**THE INPUT**:
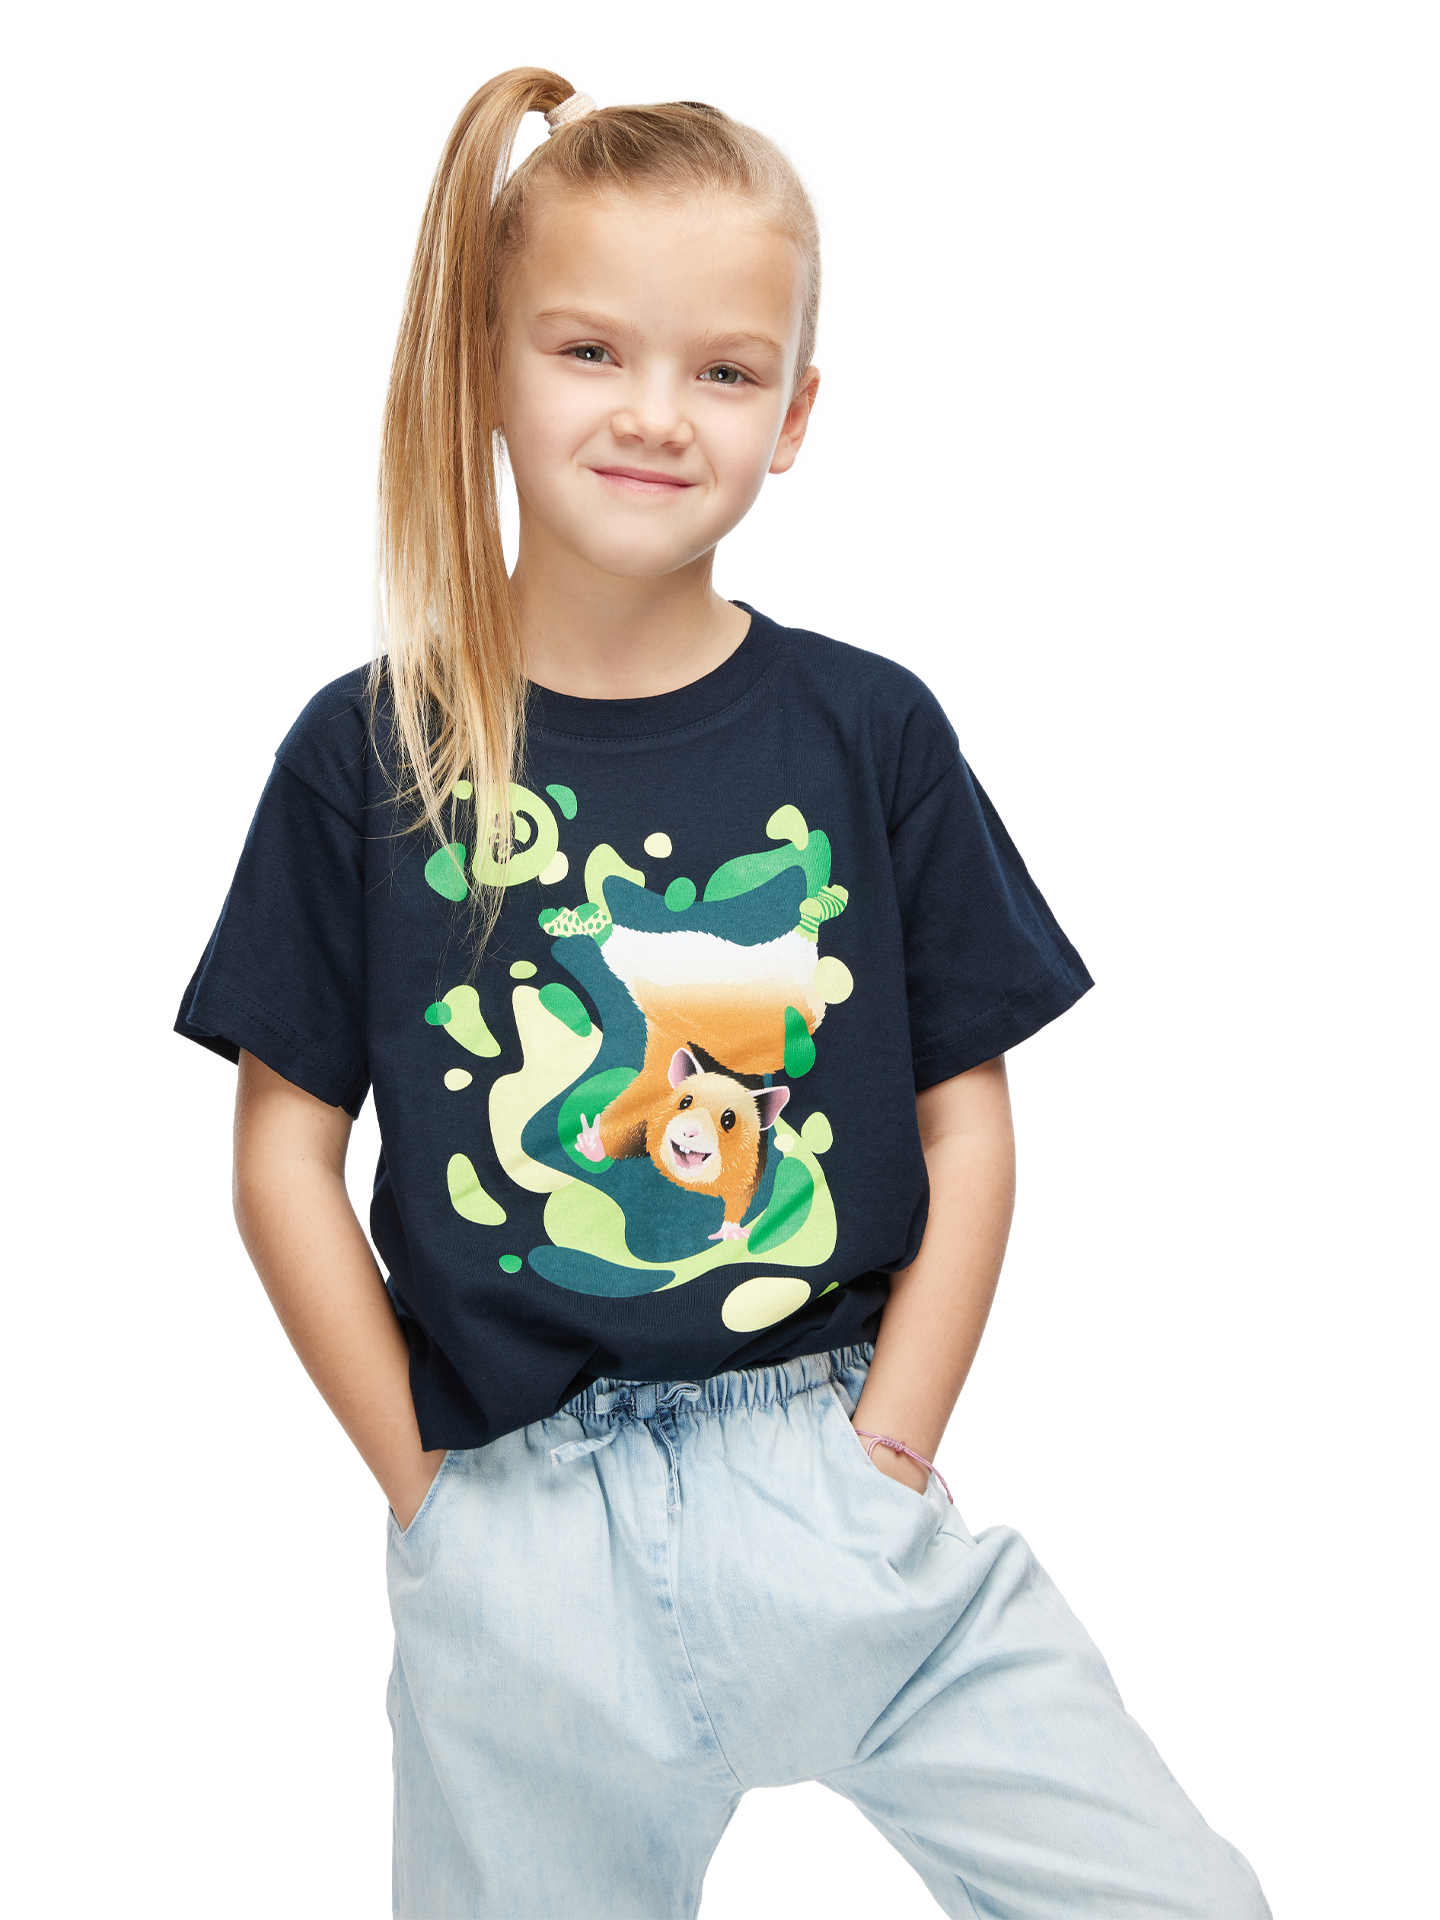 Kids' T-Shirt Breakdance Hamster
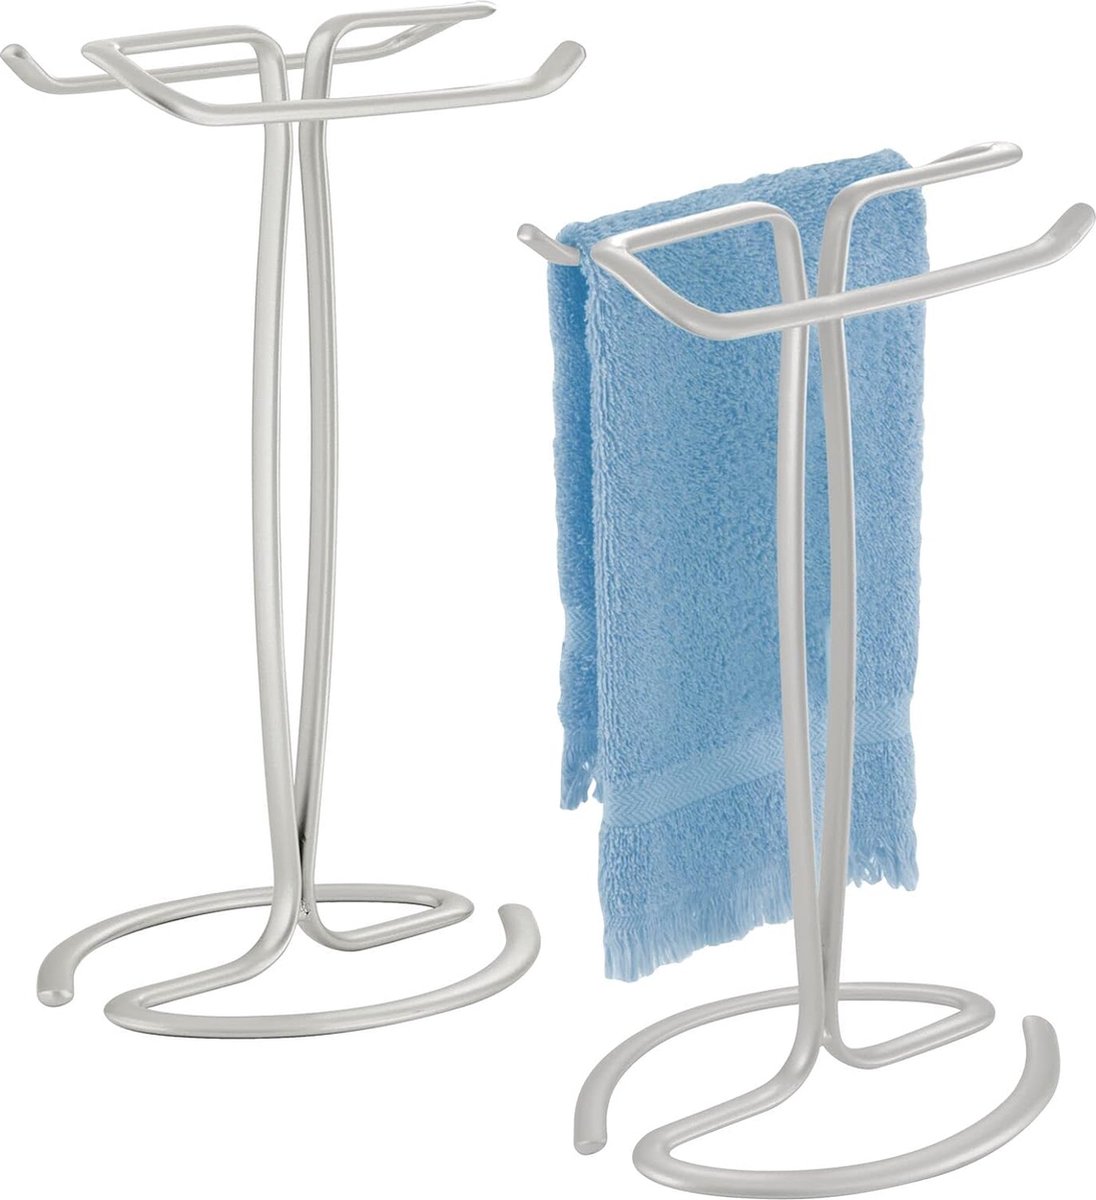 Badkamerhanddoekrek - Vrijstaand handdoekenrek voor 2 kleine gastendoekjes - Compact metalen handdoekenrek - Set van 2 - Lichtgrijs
* * *
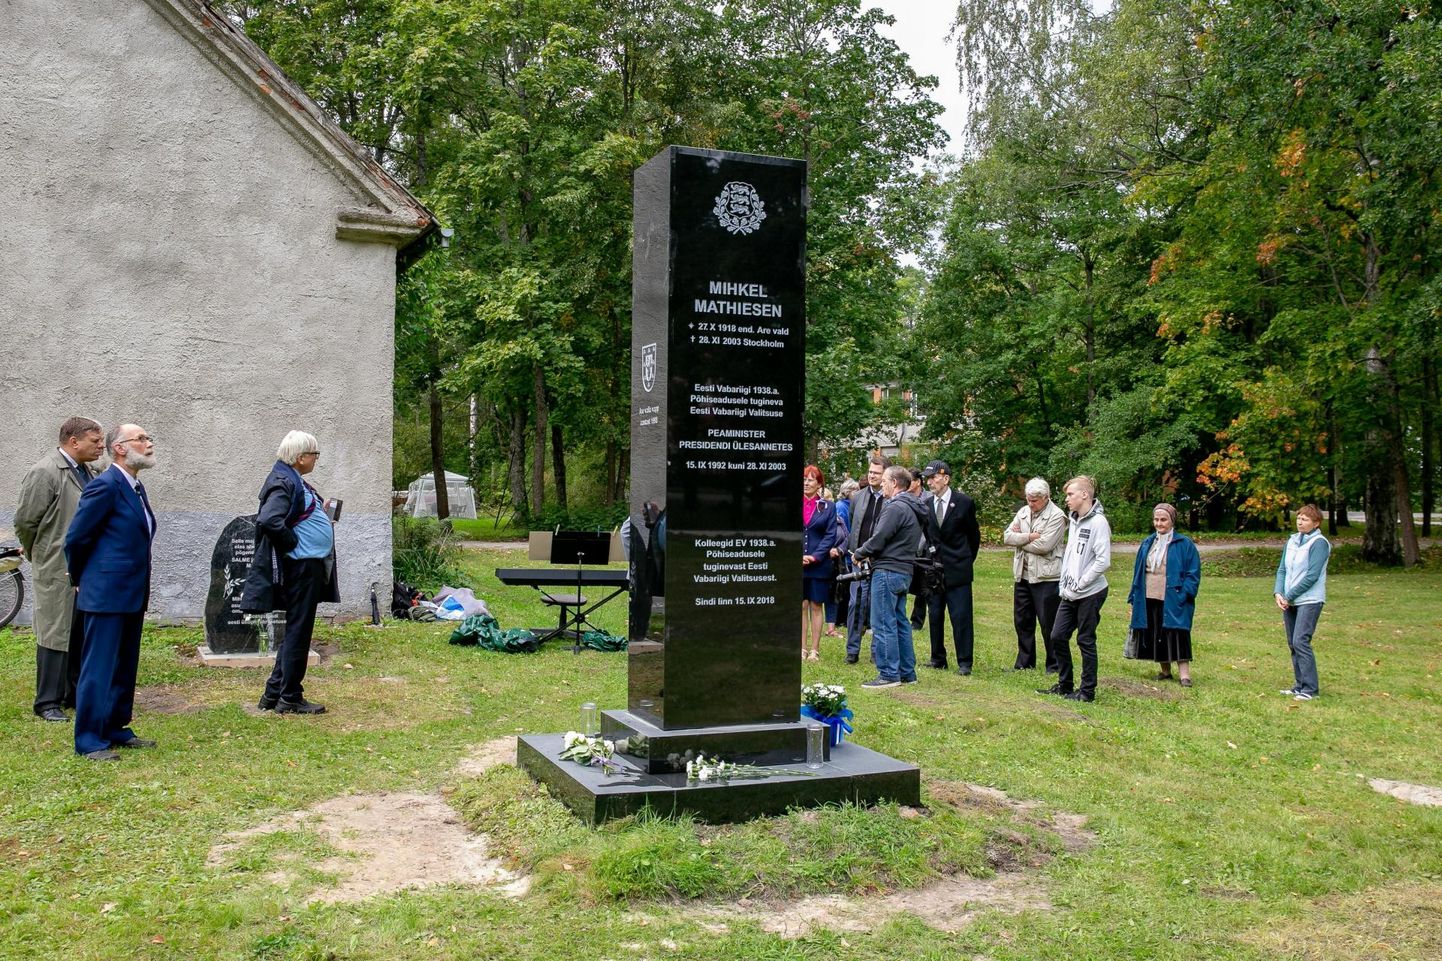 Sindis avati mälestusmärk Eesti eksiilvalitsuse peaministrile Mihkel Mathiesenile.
---
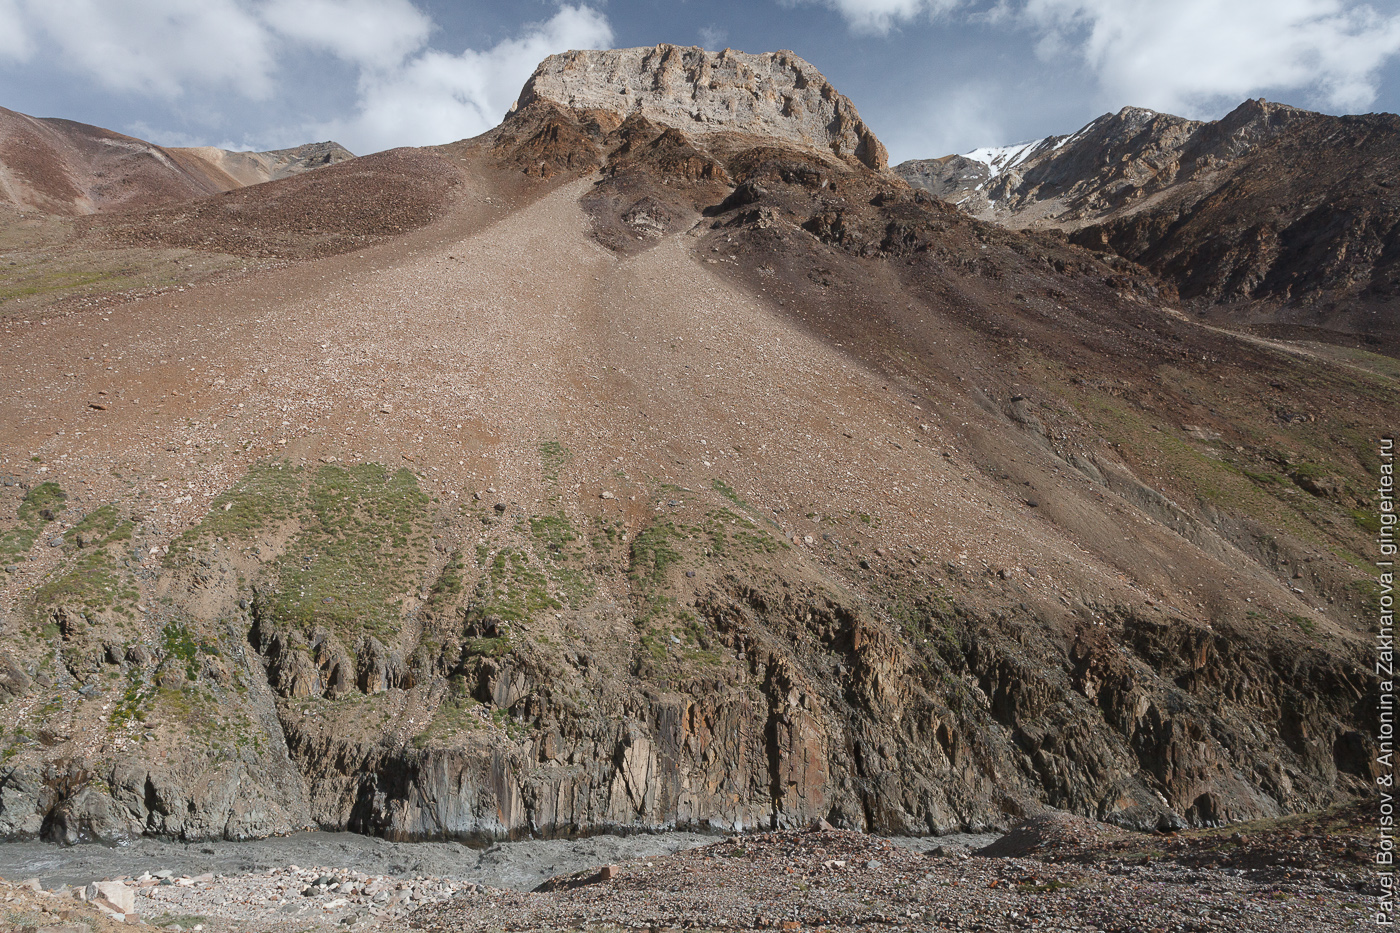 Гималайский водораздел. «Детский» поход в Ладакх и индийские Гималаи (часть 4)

**EXERCISE GOAL**: Taking the entries above, copy word for word the lines from the one with "Kids' T-Shirt Breakdance Hamster" up to and including the one with "Badkamerhanddoekrek - Vrijstaand", without any picture.

**ANSWER TO THIS PROBLEM**:
 Kids' T-Shirt Breakdance Hamster
 Badkamerhanddoekrek - Vrijstaand handdoekenrek voor 2 kleine gastendoekjes - Compact metalen handdoekenrek - Set van 2 - Lichtgrijs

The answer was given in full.